Directions: In the records below, find the line containing "cloxacillin-for-injection-10g" and print it and every line after it exactly, through the end. Skip pictures.

Data extracted from a collection:
Start of Block

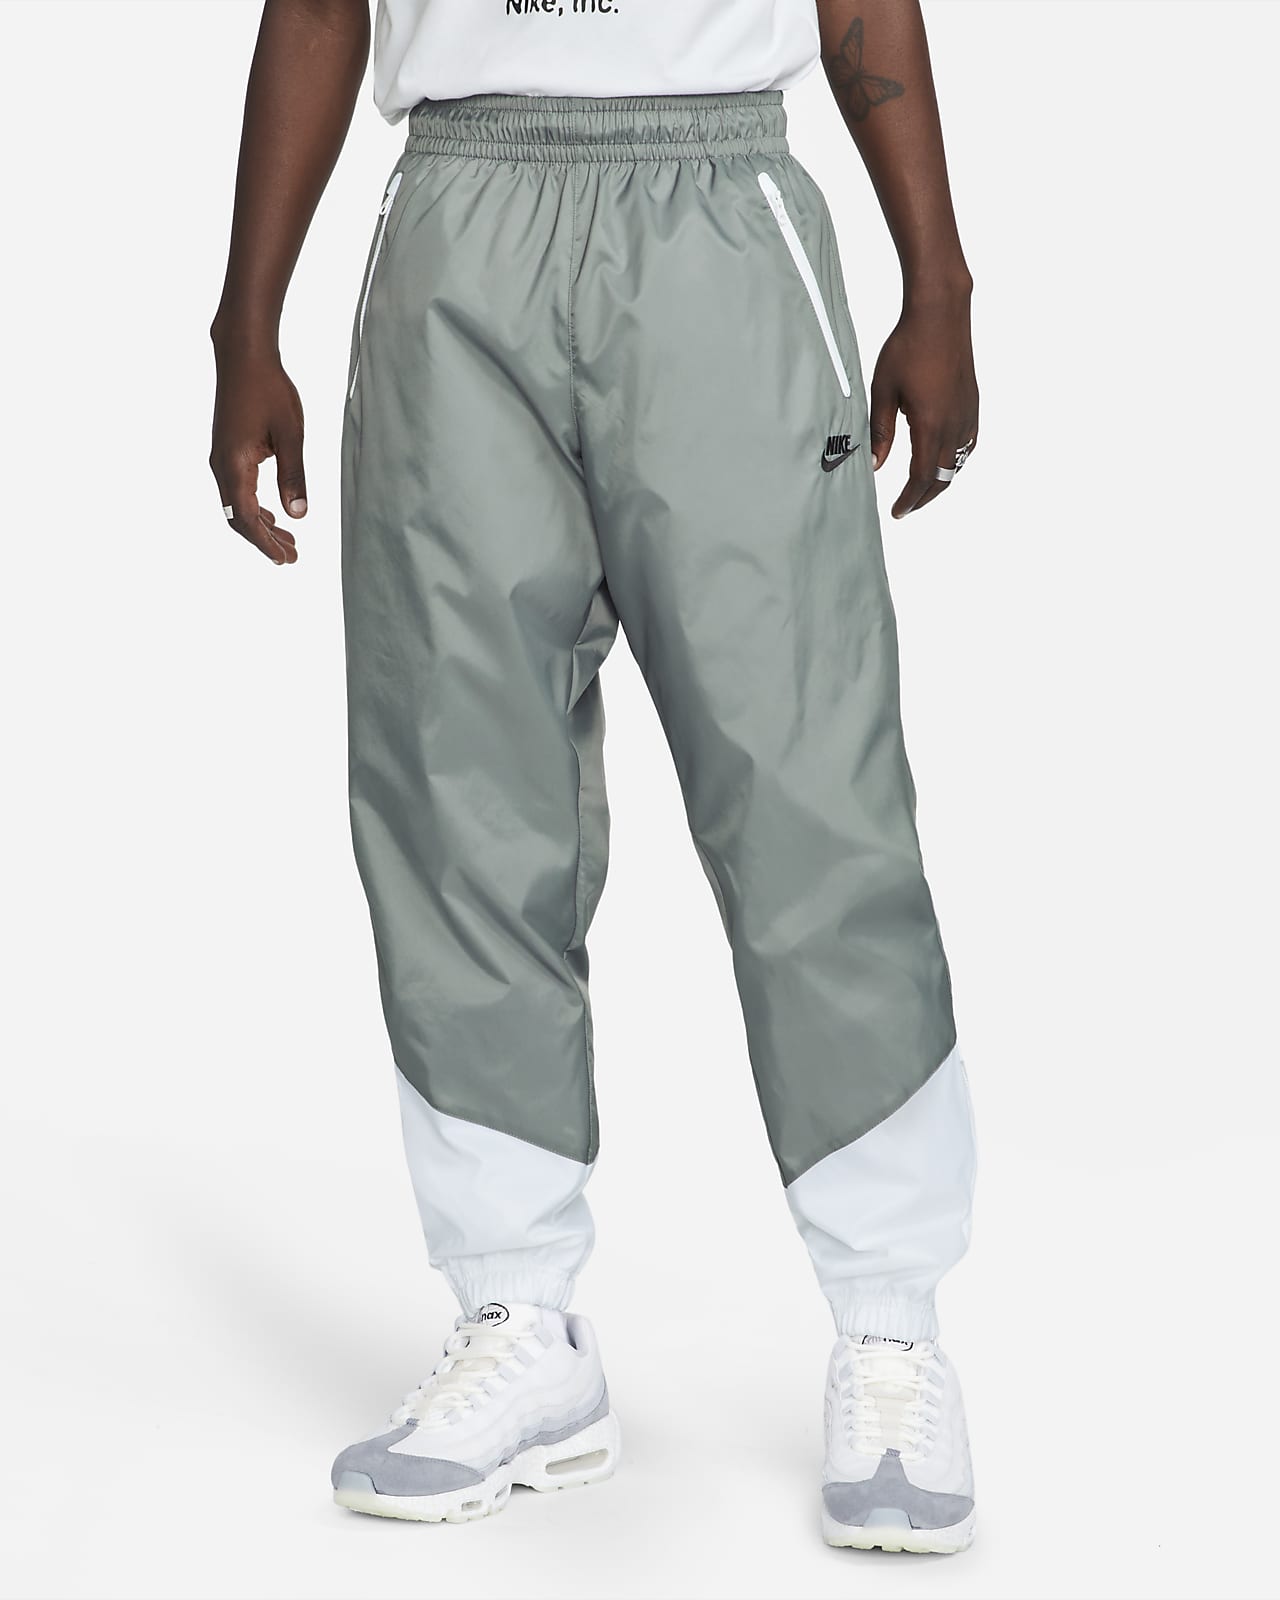 Nike Windrunner Men's Woven Lined Pants 
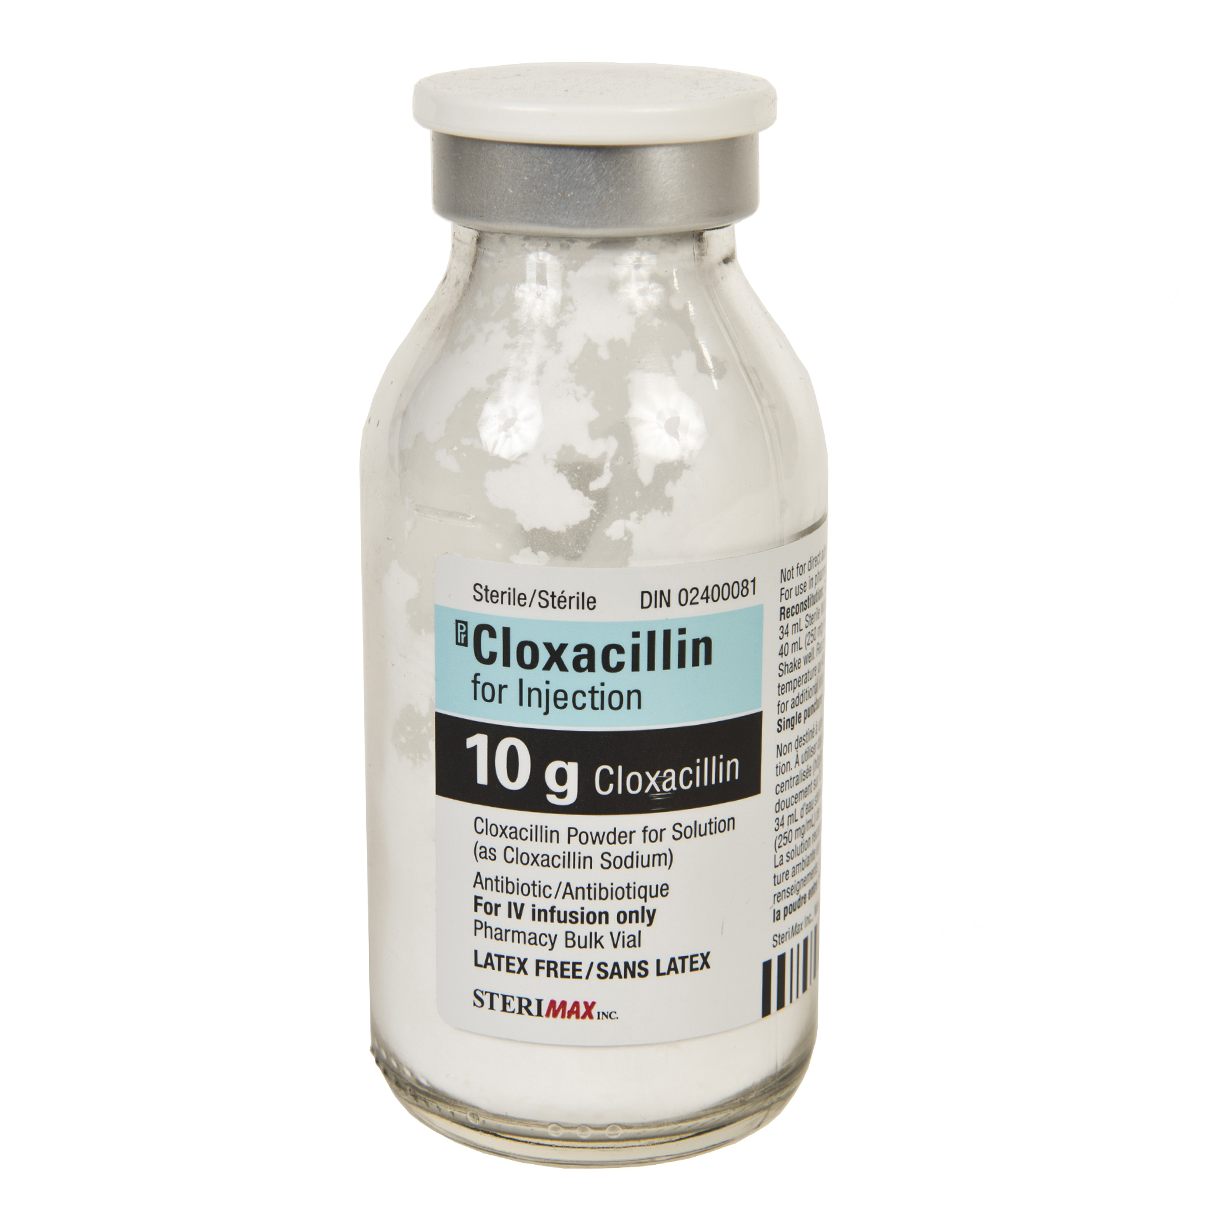 cloxacillin-for-injection-10g
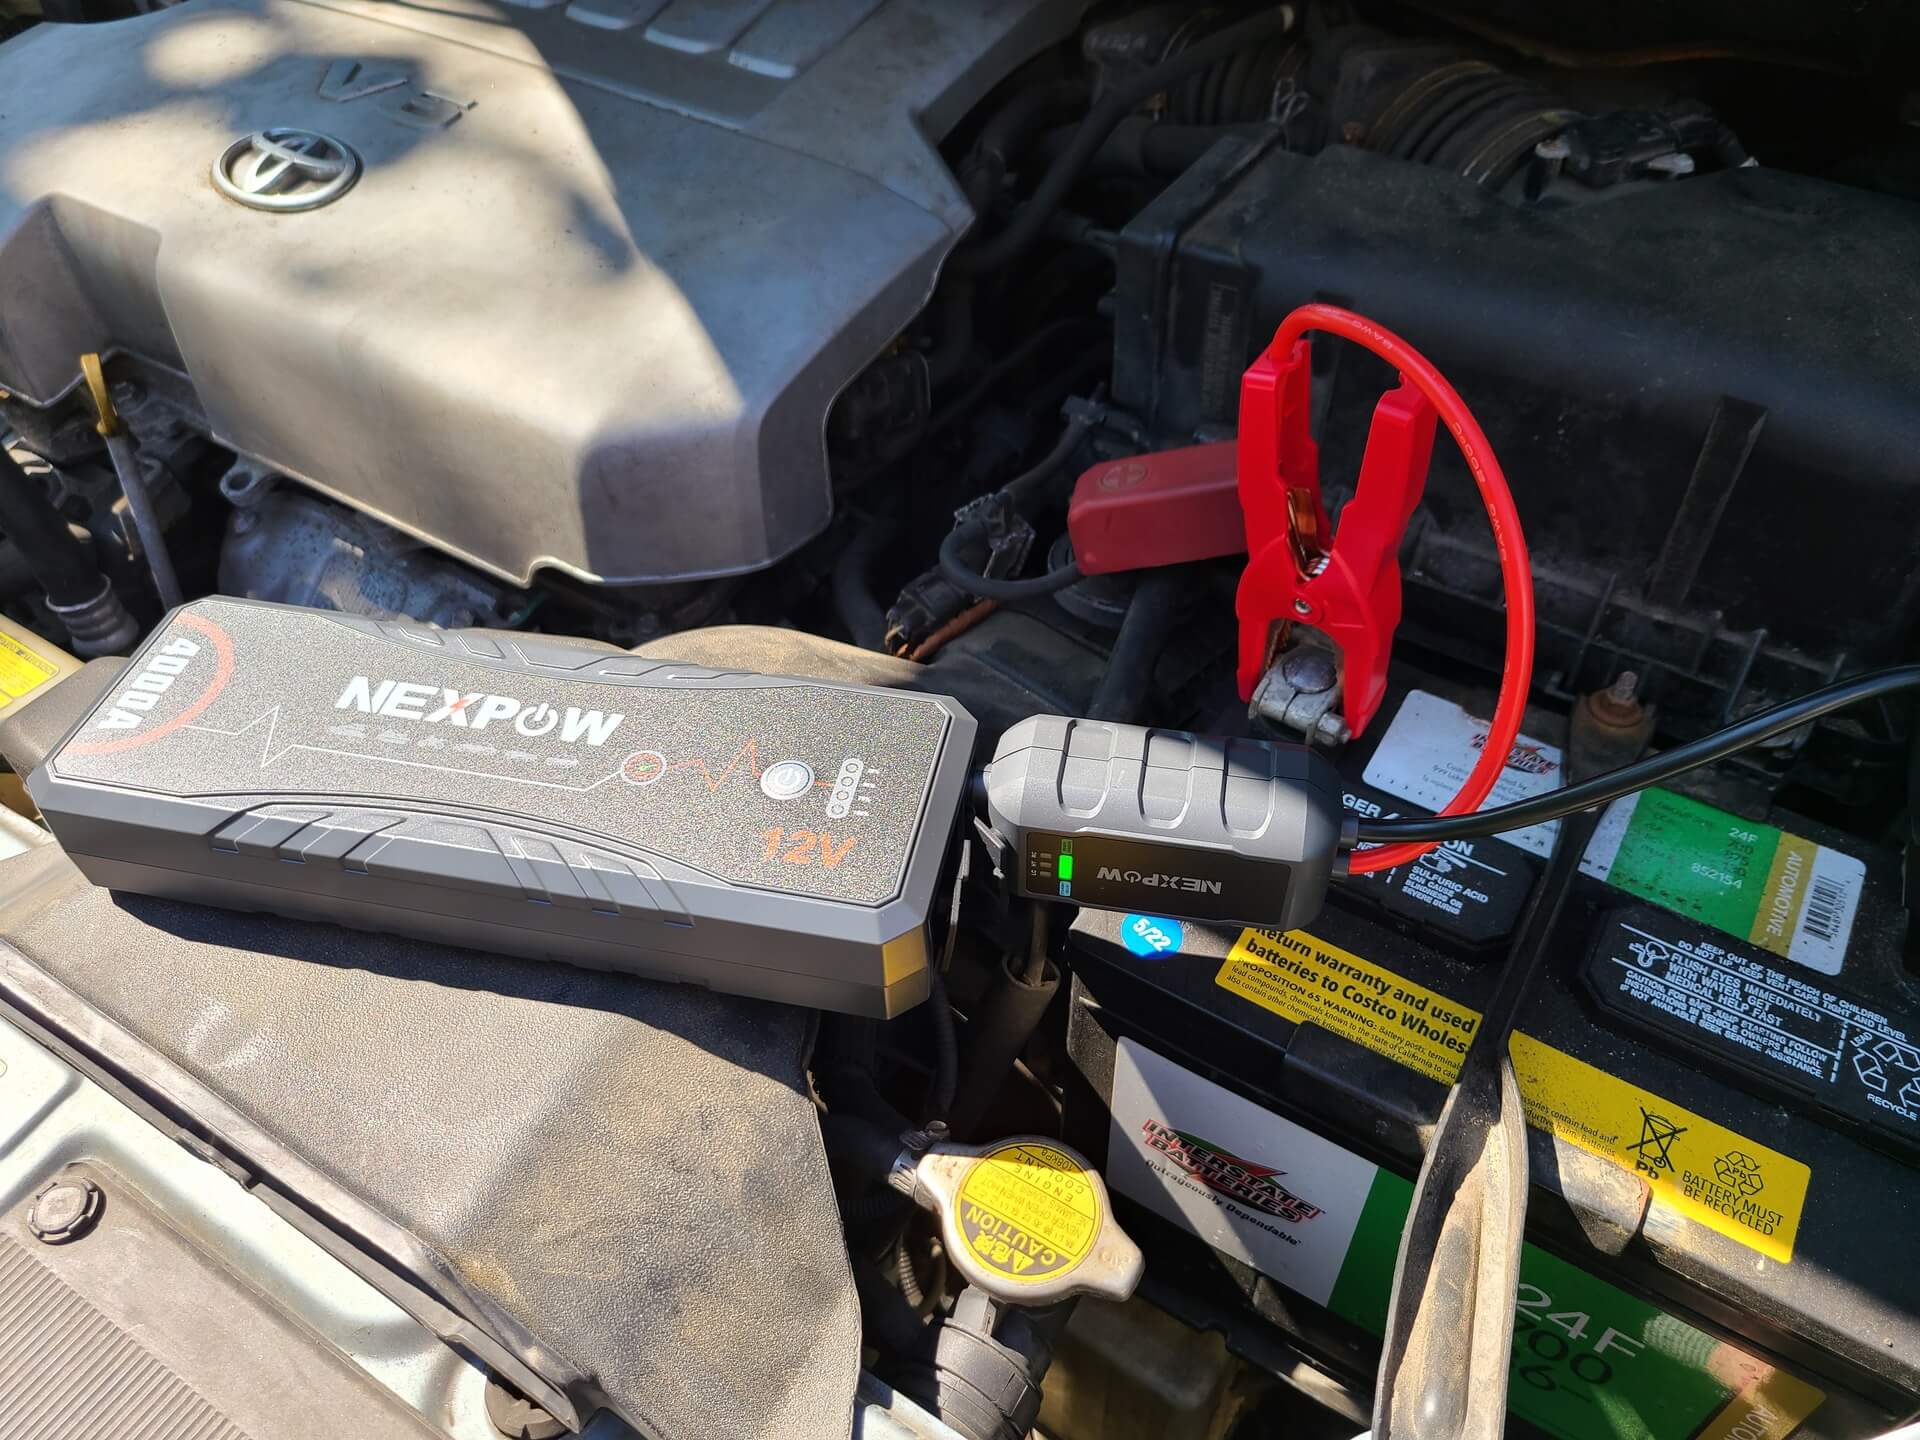 NEXPOW Car Jump Starter,4000A Peak Q11 Battery Jump Starter Pack
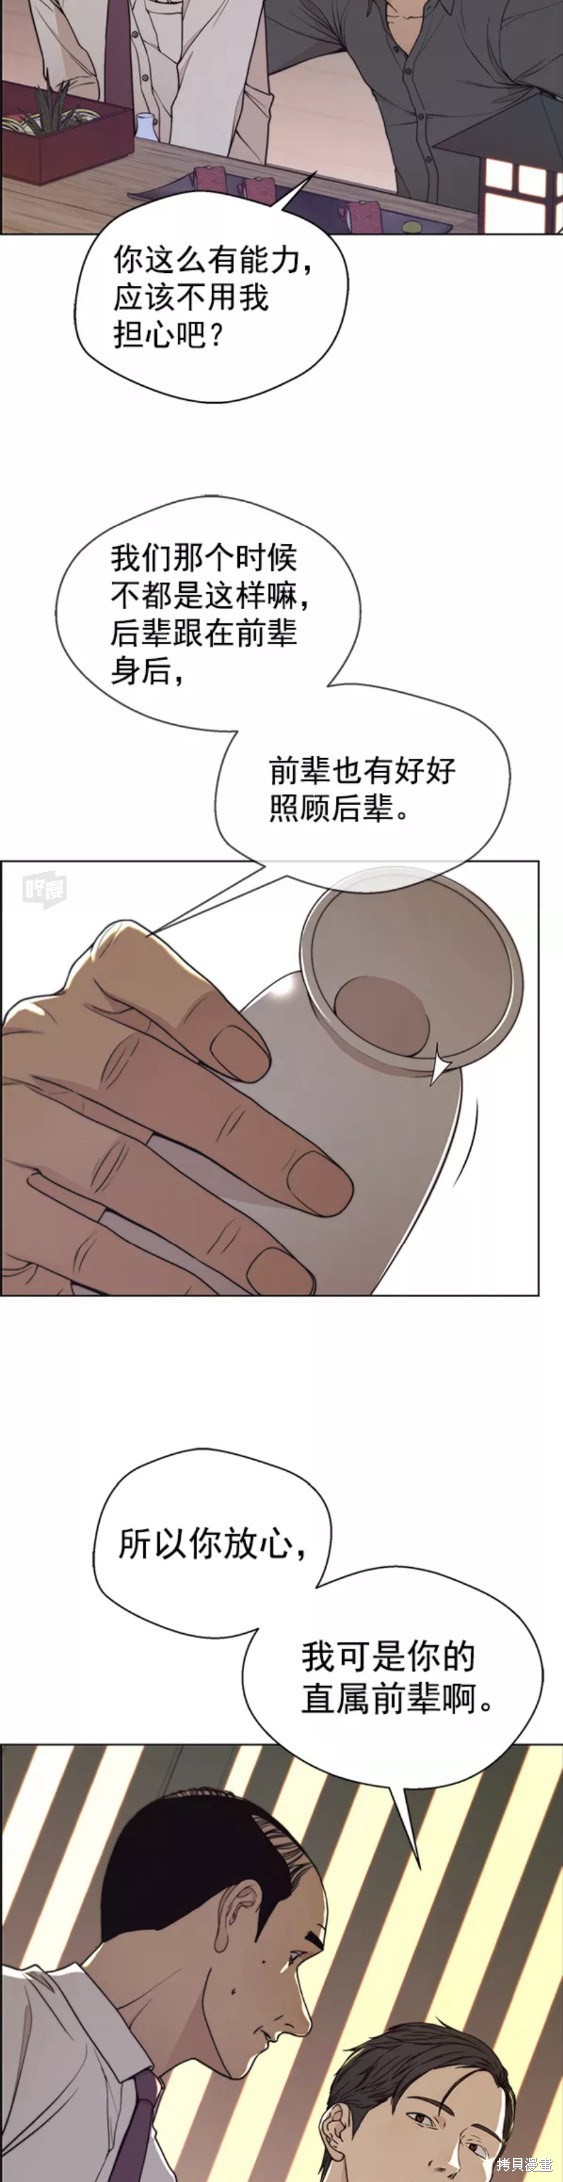 男子汉漫画,第89话6图
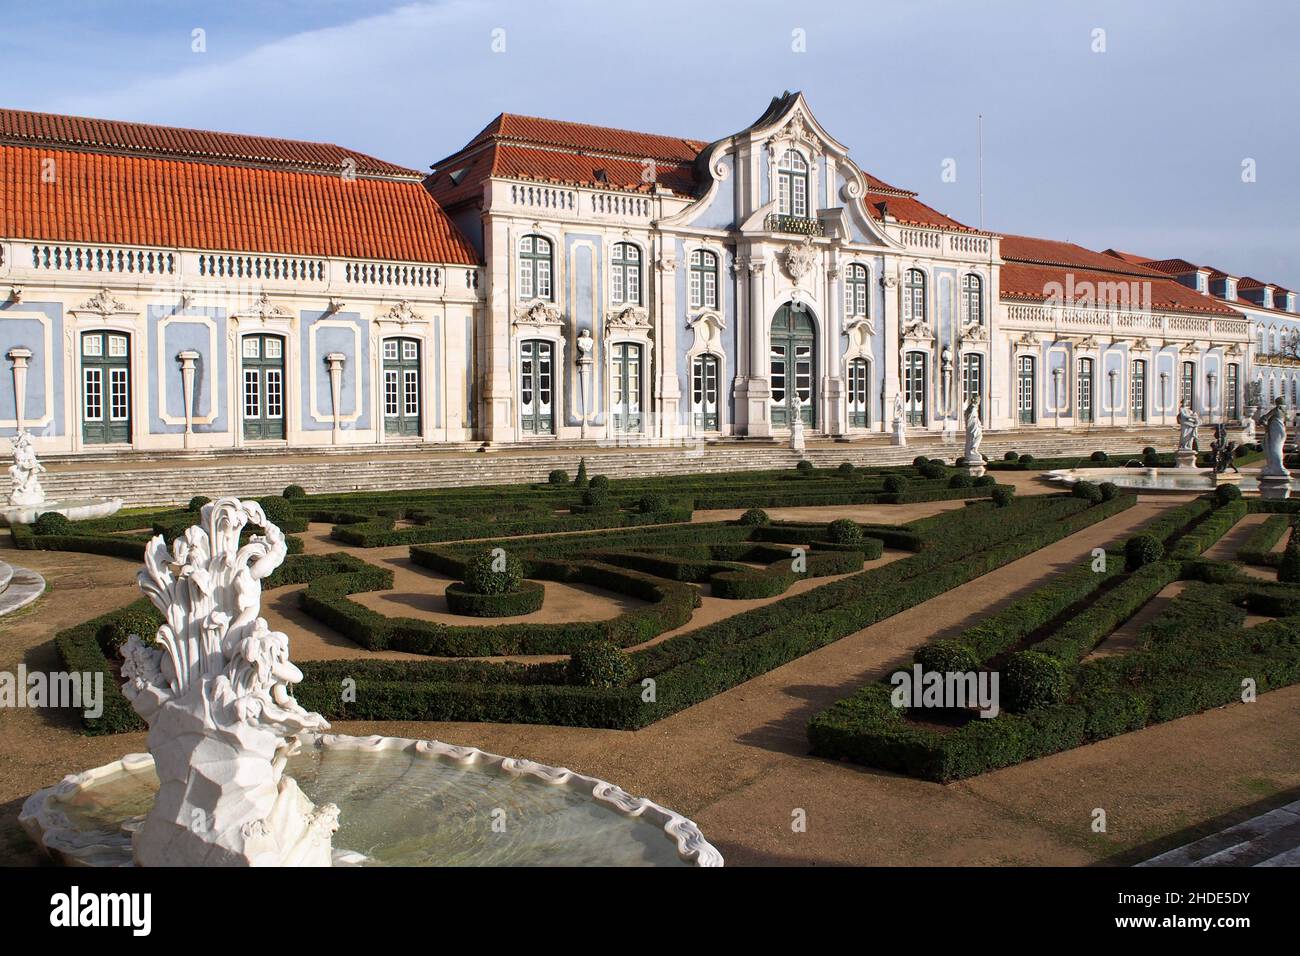 Salón de baile del Palacio de Queluz, cuidados jardines de Malta en la vanguardia, cerca de Lisboa, Portugal Foto de stock

End of Block

Response box:
 cloxacillin-for-injection-10g
 NEXPOW Car Jump Starter,4000A Peak Q11 Battery Jump Starter Pack
 男子汉漫画,第89话6图
 Salón de baile del Palacio de Queluz, cuidados jardines de Malta en la vanguardia, cerca de Lisboa, Portugal Foto de stock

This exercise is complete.